Degradation of neurodegenerative disease-associated TDP-43 aggregates and oligomers via a proteolysis-targeting chimera

Abstract

Background: Amyotrophic lateral sclerosis (ALS) associated with TAR DNA-binding protein 43 (TDP-43) aggregation has been considered as a lethal and progressive motor neuron disease. Recent studies have shown that both C-terminal TDP-43 (C-TDP-43) aggregates and oligomers were neurotoxic and pathologic agents in ALS and frontotemporal lobar degeneration (FTLD). However, misfolding protein has long been considered as an undruggable target by applying conventional inhibitors, agonists, or antagonists. To provide this unmet medical need, we aim to degrade these misfolding proteins by designing a series of proteolysis targeting chimeras (PROTACs) against C-TDP-43.

Methods: By applying filter trap assay, western blotting, and microscopy imaging, the degradation efficiency of C-TDP-43 aggregates was studied in Neuro-2a cells overexpressing eGFP-C-TDP-43 or mCherry-C-TDP-43. The cell viability was characterized by alarmarBlue assay. The beneficial and disaggregating effects of TDP-43 PROTAC were examined with the YFP-C-TDP-43 transgenic C. elegans by motility assay and confocal microscopy. The impact of TDP-43 PROTAC on C-TDP-43 oligomeric intermediates was monitored by fluorescence lifetime imaging microscopy and size exclusion chromatography in the Neuro-2a cells co-expressing eGFP-C-TDP-43 and mCherry-C-TDP-43.

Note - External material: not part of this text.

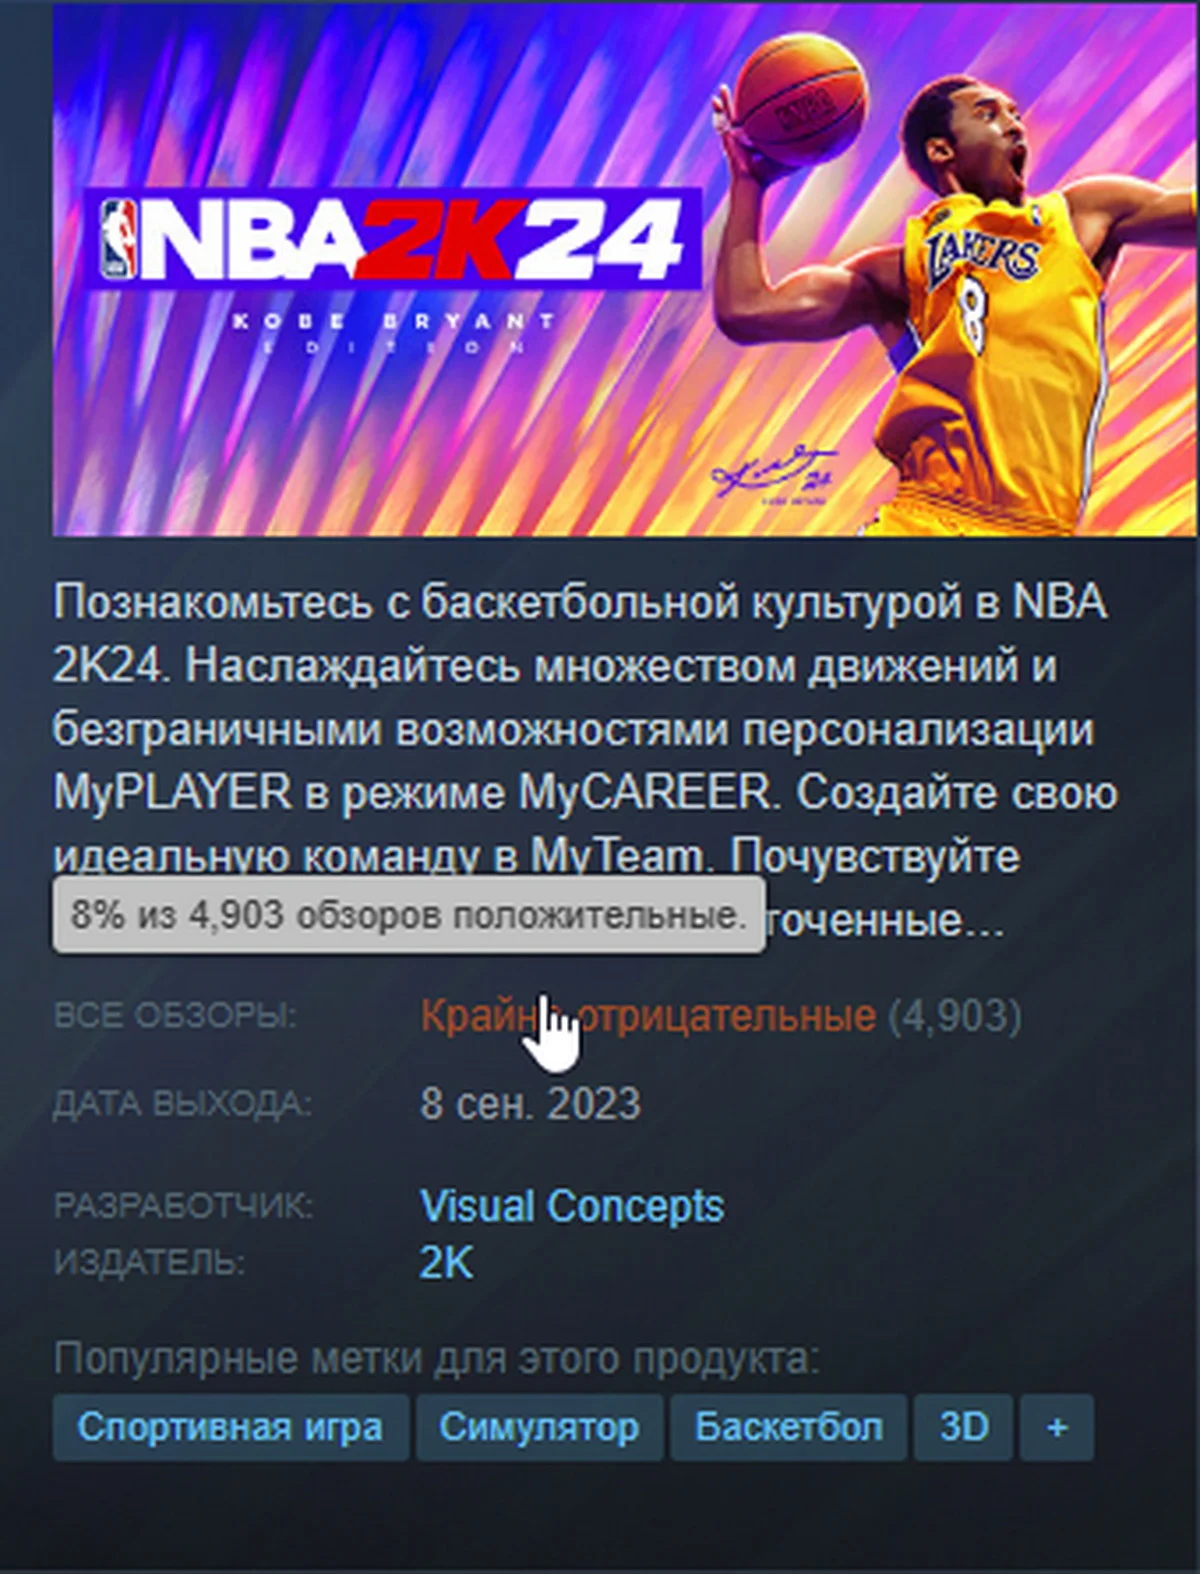 NBA 2K24 удалось побить антирекорд Overwatch 2 по негативным отзывам в Steam - фото 1
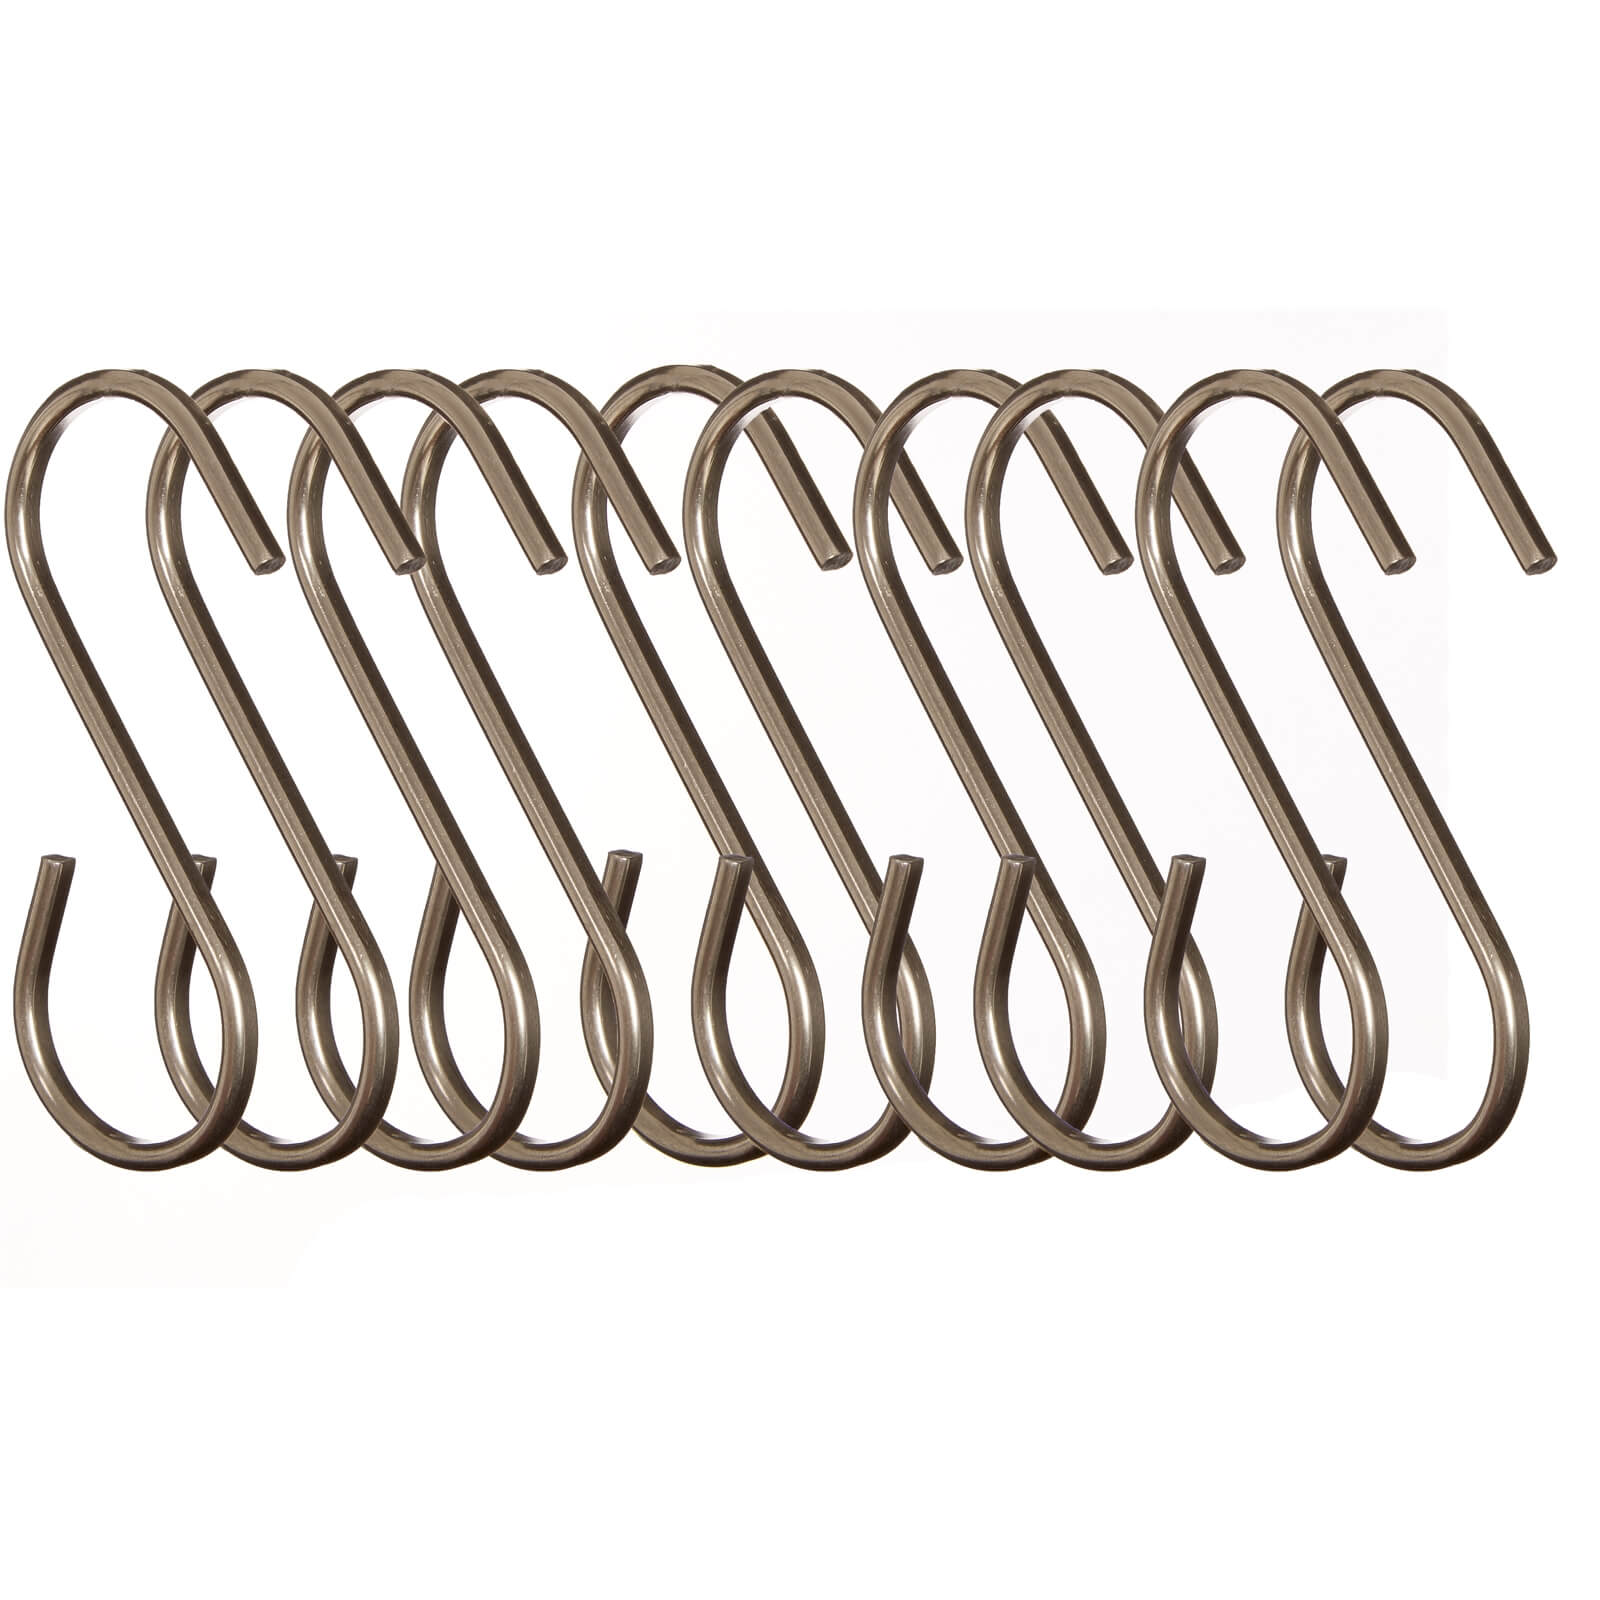 Sorello Brushed Steel Hooks - Set of 10

Results: Four PROTACs with different linker lengths were synthesized and characterized. Among these chimeras, PROTAC 2 decreased C-TDP-43 aggregates and relieved C-TDP-43-induced cytotoxicity in Neuro-2a cells without affecting endogenous TDP-43. We showed that PROTAC 2 bound to C-TDP-43 aggregates and E3 ligase to initiate ubiquitination and proteolytic degradation. By applying advanced microscopy, it was further shown that PROTAC 2 decreased the compactness and population of C-TDP-43 oligomers. In addition to cellular model, PROTAC 2 also improved the motility of transgenic C. elegans by reducing the C-TDP-43 aggregates in the nervous system.

Conclusions: Our study demonstrated the dual-targeting capacity of the newly-designed PROTAC 2 against both C-TDP-43 aggregates and oligomers to reduce their neurotoxicity, which shed light on the potential drug development for ALS as well as other neurodegenerative diseases.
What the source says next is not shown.